Exercise prompt:
Exactly retype the lines below from the one containing "Happy Valentine S" through the end of the listing. Leave pictures out.

Supplied data:
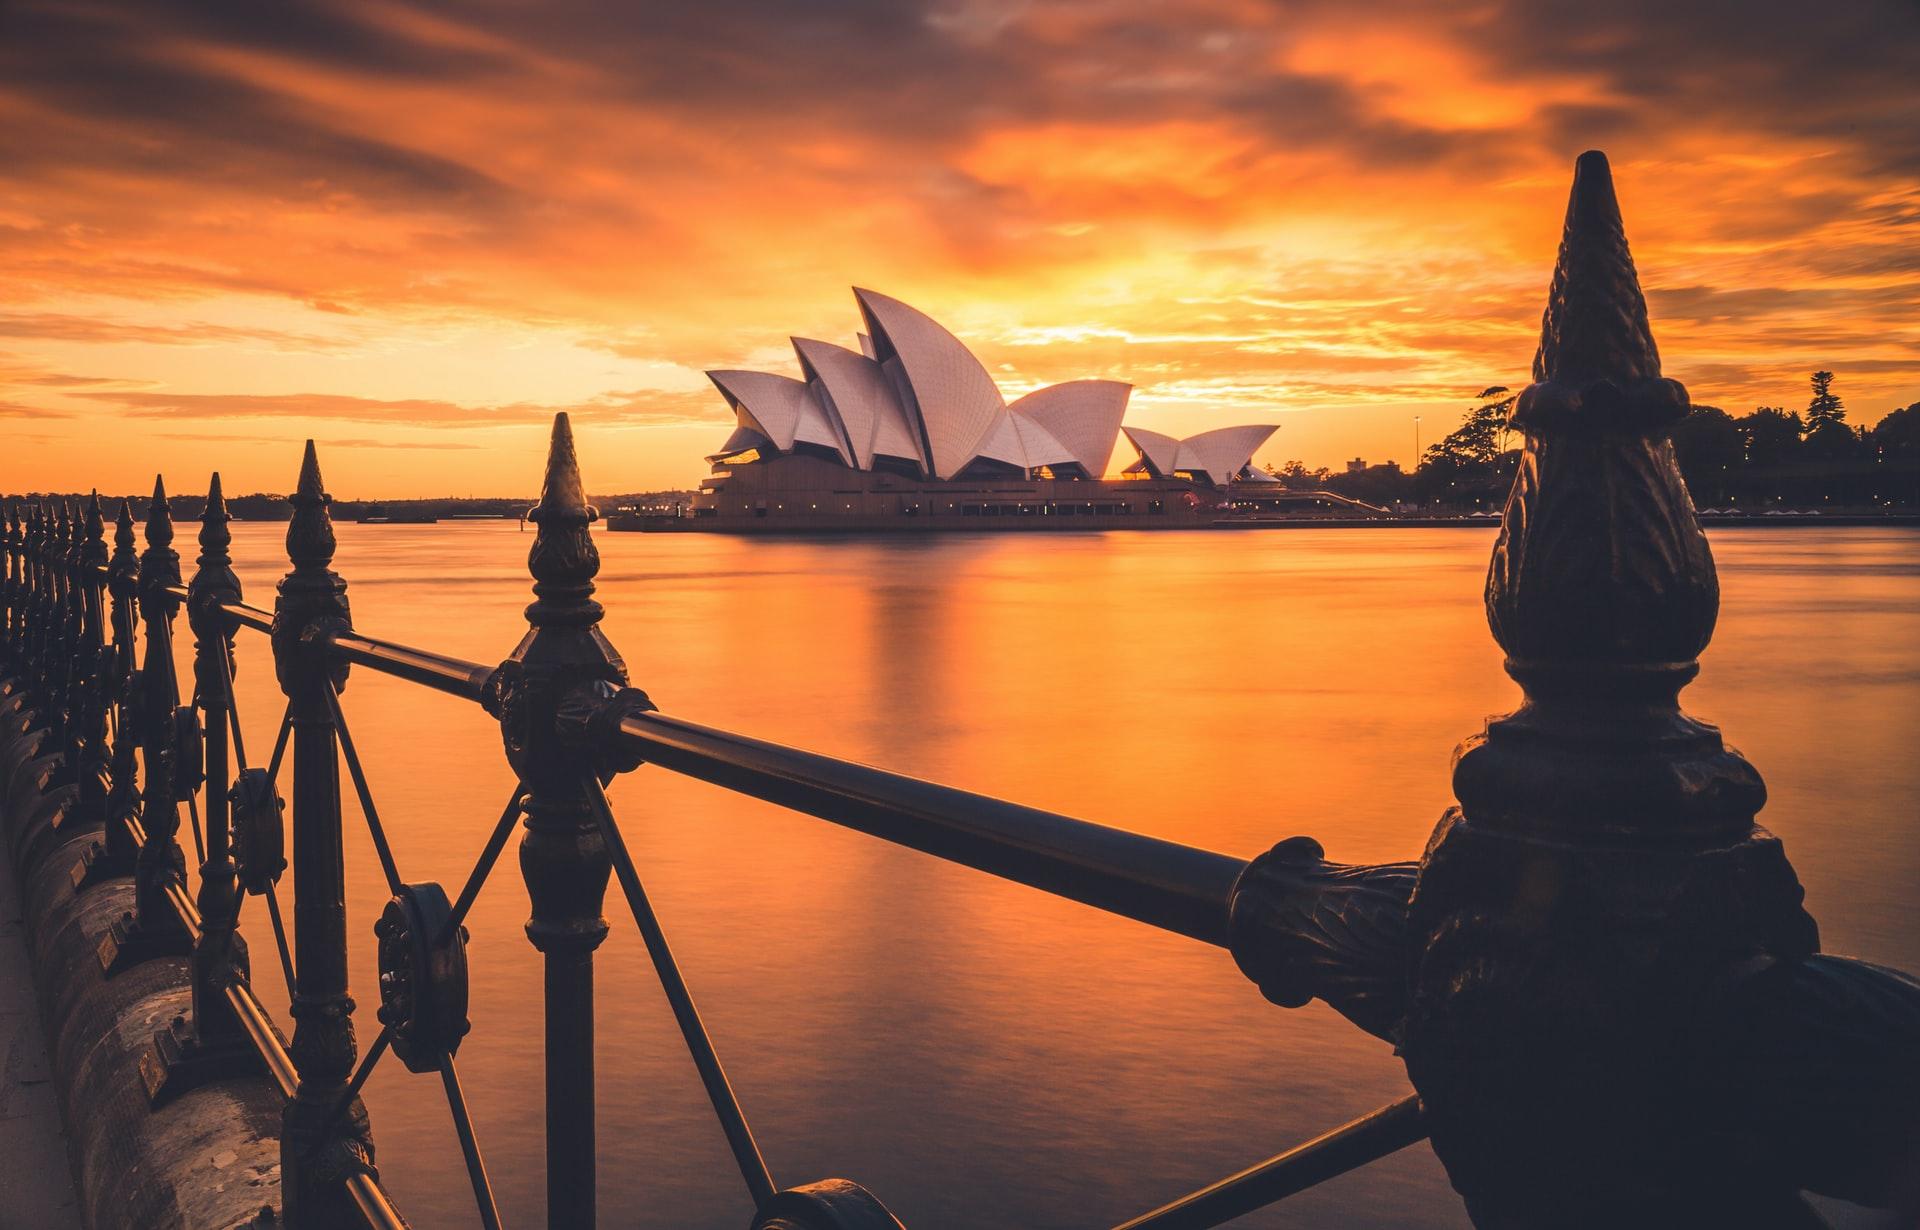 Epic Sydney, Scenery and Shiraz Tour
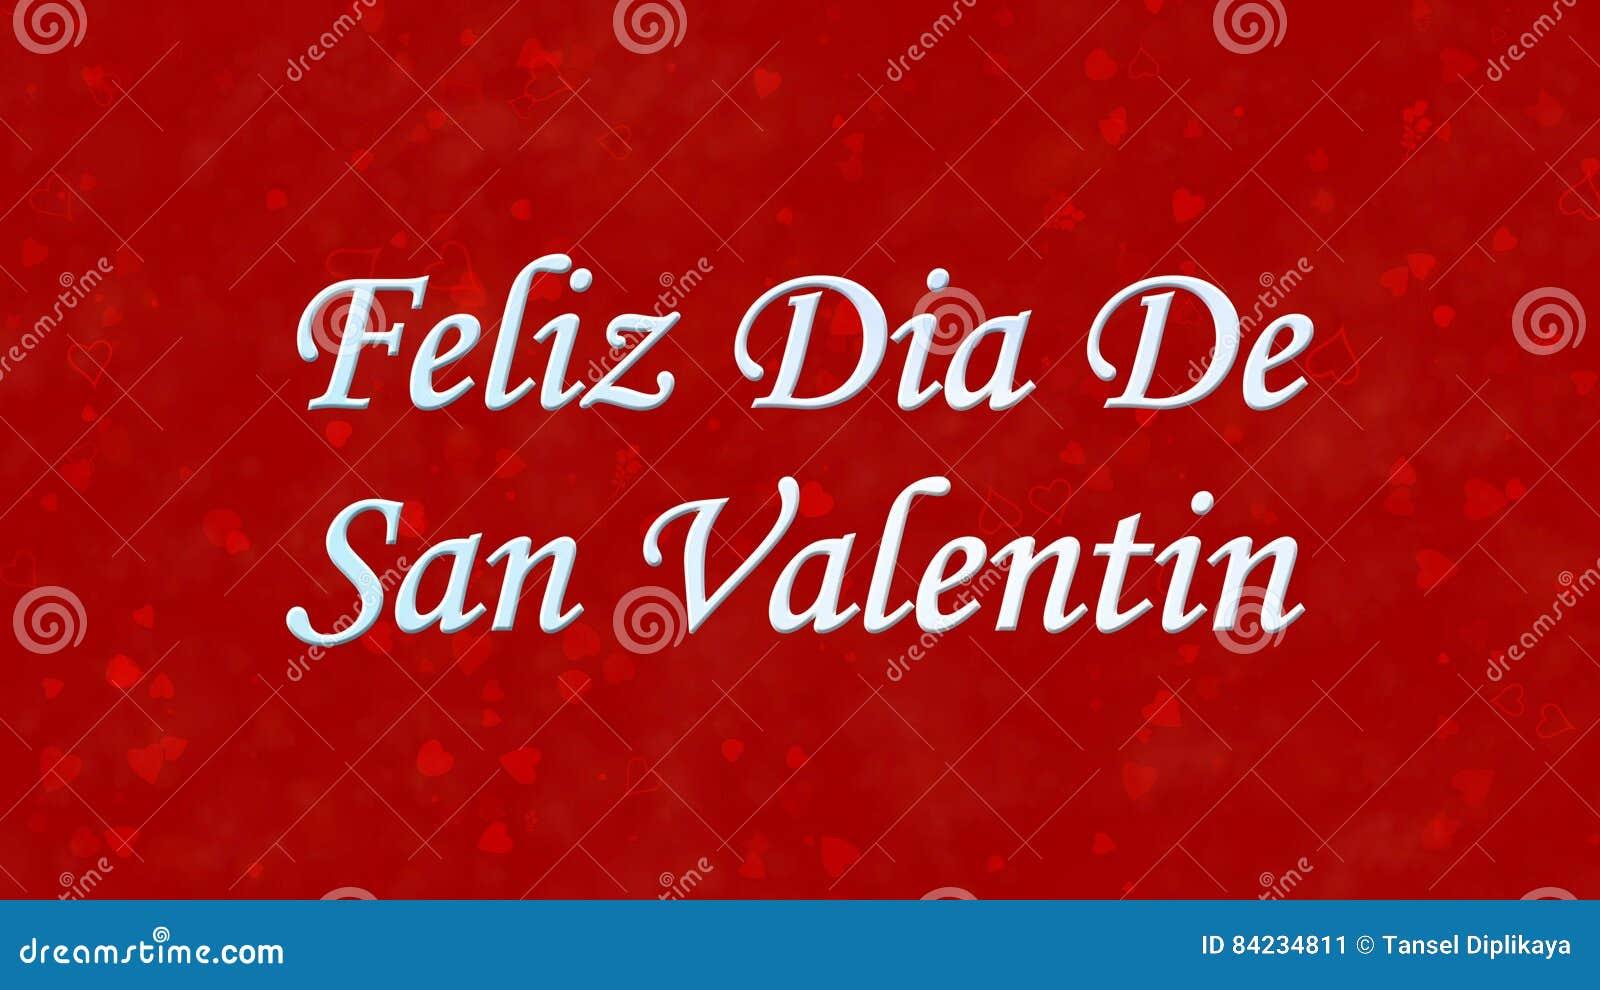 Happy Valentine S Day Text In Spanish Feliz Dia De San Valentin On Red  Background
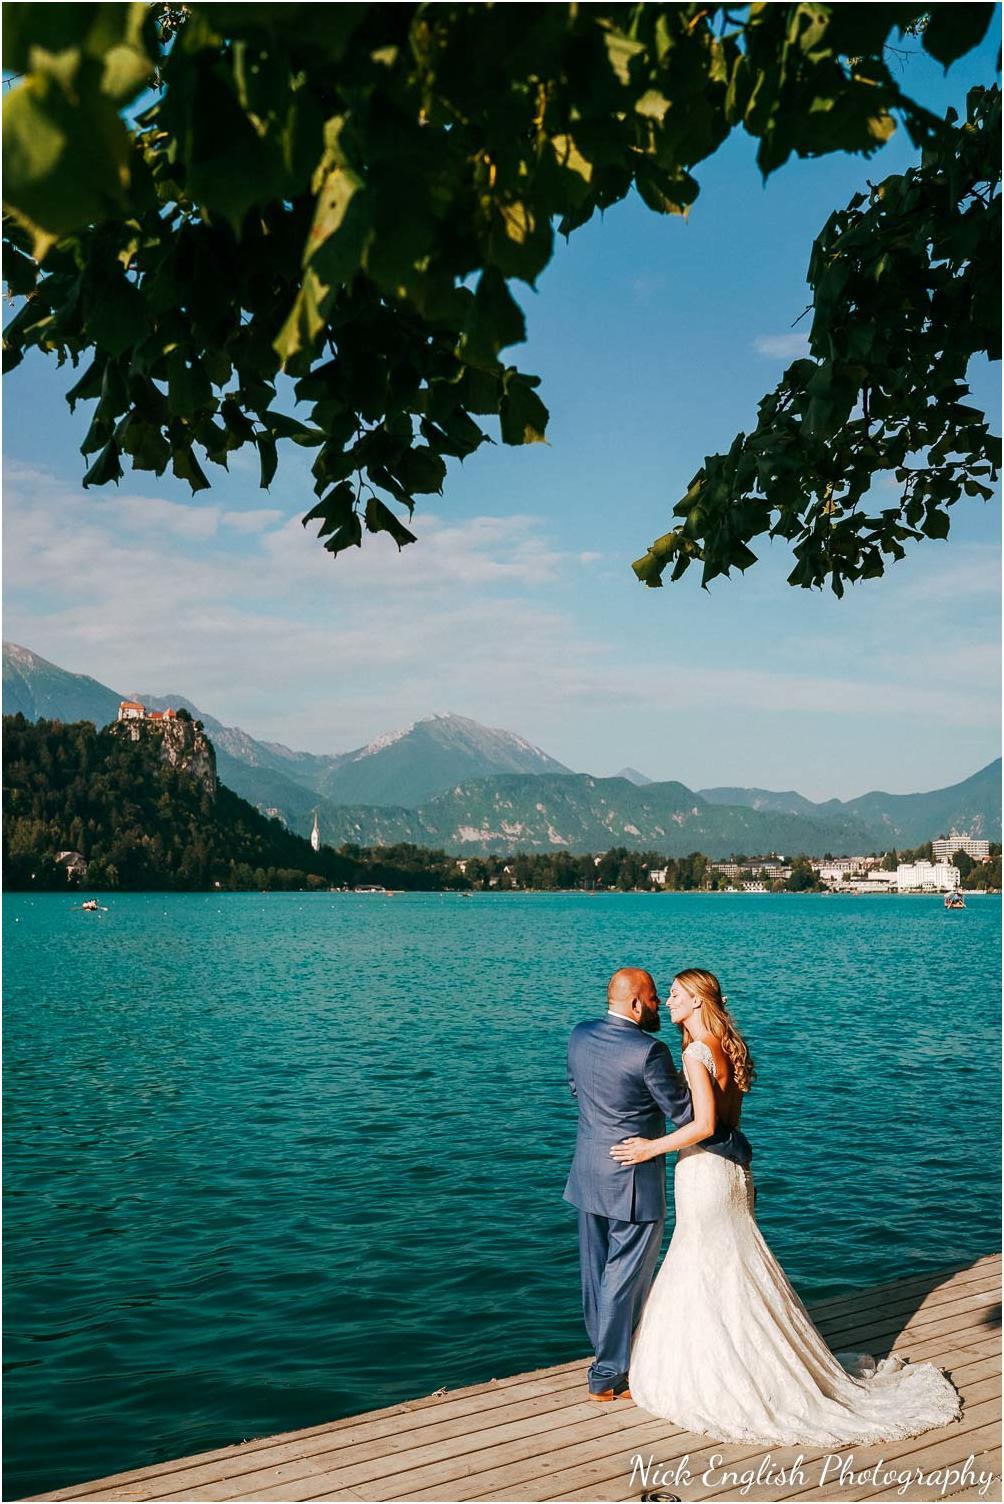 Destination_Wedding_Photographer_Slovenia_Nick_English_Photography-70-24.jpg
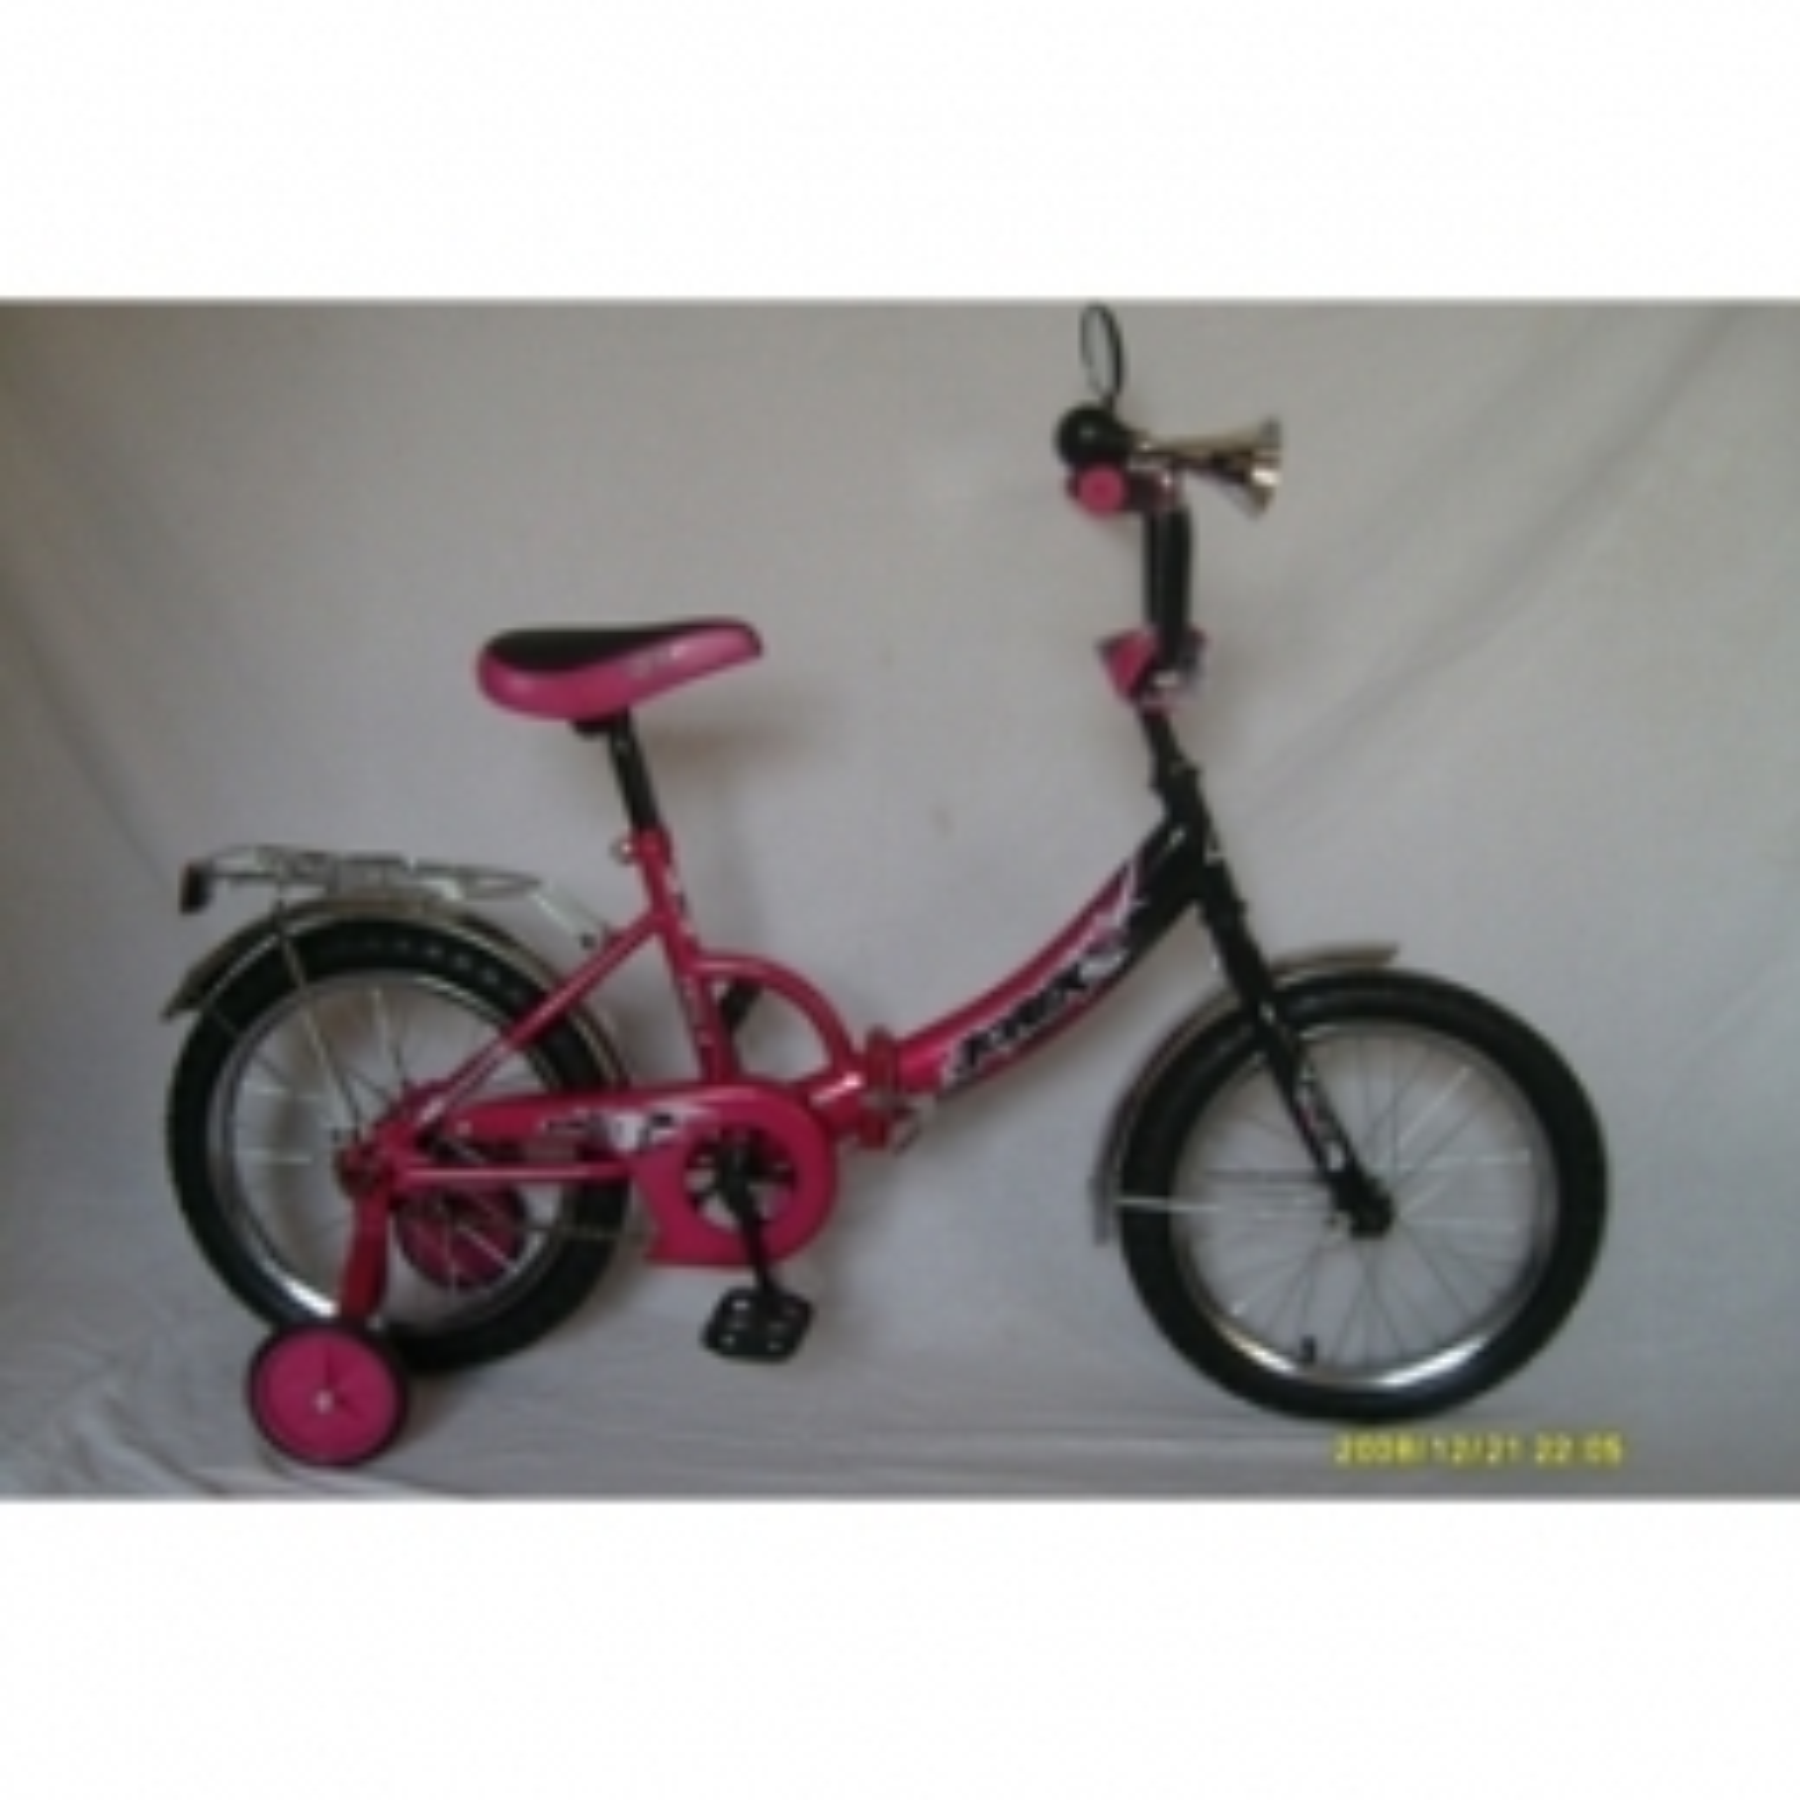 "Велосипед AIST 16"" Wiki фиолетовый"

Reply to the exercise:
 Happy Valentine S Day Text In Spanish Feliz Dia De San Valentin On Red  Background
 Destination_Wedding_Photographer_Slovenia_Nick_English_Photography-70-24.jpg
 "Велосипед AIST 16"" Wiki фиолетовый"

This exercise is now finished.